VulDetectBench: Evaluating the Deep Capability of Vulnerability Detection with Large Language Models
Yu Liu, Lang Gao, Mingxin Yang, Yu Xie, Ping Chen, Xiaojin Zhang, Wei, Chen

TL;DR
VulDetectBench is a new benchmark designed to evaluate the vulnerability detection capabilities of large language models across multiple tasks, revealing strengths in basic detection but weaknesses in detailed vulnerability analysis.
Contribution
The paper introduces VulDetectBench, a comprehensive benchmark for assessing LLMs' ability to detect, classify, and locate code vulnerabilities, filling a gap in specialized vulnerability research.
Findings
Models achieve over 80% accuracy in vulnerability identification and classification.
Models perform poorly (<30%) on detailed vulnerability analysis tasks.

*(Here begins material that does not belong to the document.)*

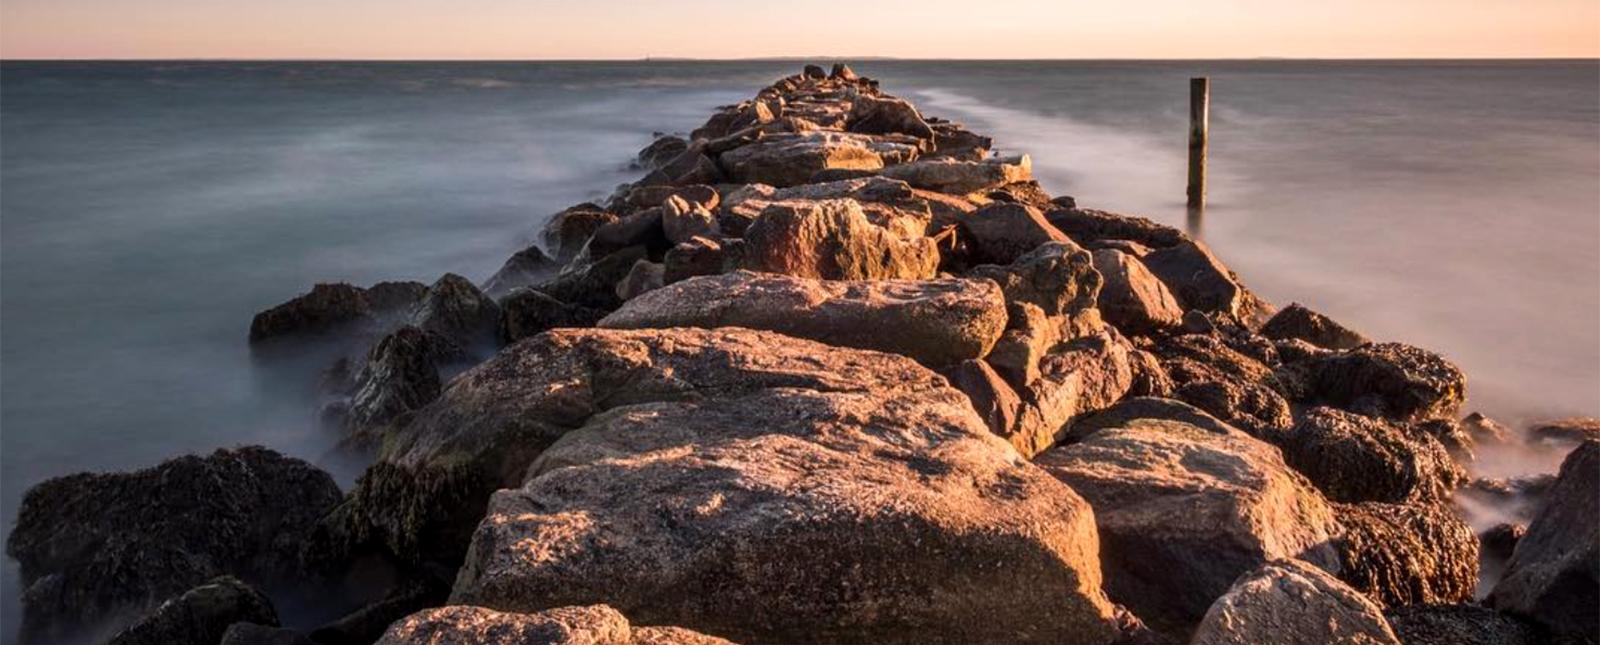 Rocks into the ocean (Instagram@nora_kaszuba)
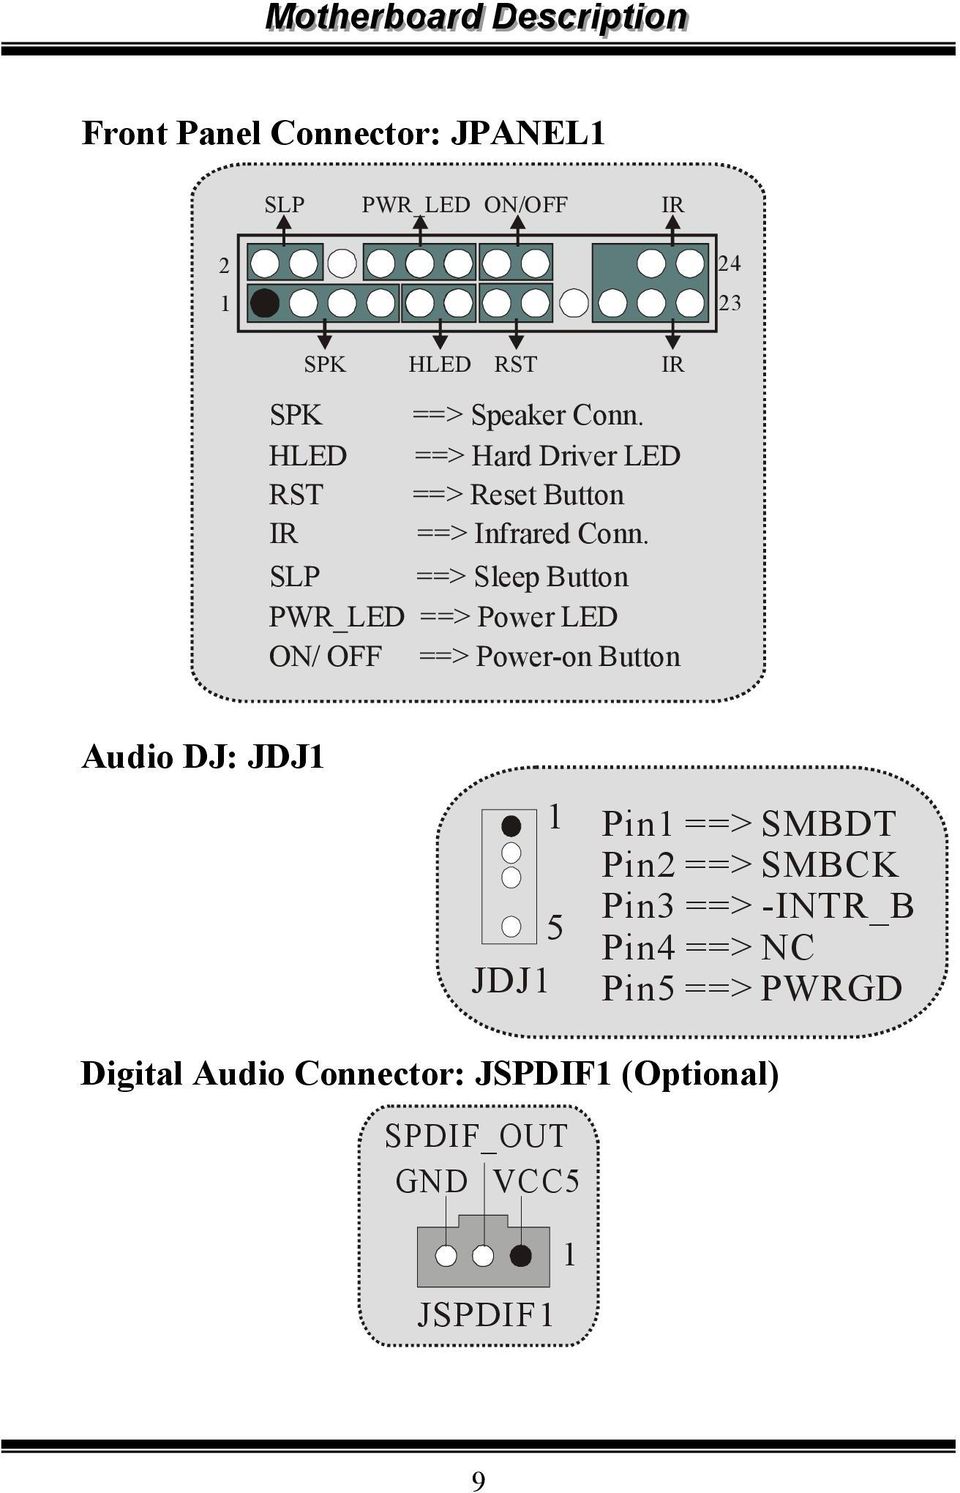 SLP ==> Sleep Button PWR_LED ==> Power LED ON/ OFF ==> Power-on Button Audio DJ: JDJ 5 JDJ Pin ==>

VulDetectBench provides a standardized evaluation framework for future improvements.
Abstract
Large Language Models (LLMs) have training corpora containing large amounts of program code, greatly improving the model's code comprehension and generation capabilities. However, sound comprehensive research on detecting program vulnerabilities, a more specific task related to code, and evaluating the performance of LLMs in this more specialized scenario is still lacking. To address common challenges in vulnerability analysis, our study introduces a new benchmark, VulDetectBench, specifically designed to assess the vulnerability detection capabilities of LLMs. The benchmark comprehensively evaluates LLM's ability to identify, classify, and locate vulnerabilities through five tasks of increasing difficulty. We evaluate the performance of 17 models (both open- and closed-source) and find that while existing models can achieve over 80% accuracy on tasks related to vulnerability…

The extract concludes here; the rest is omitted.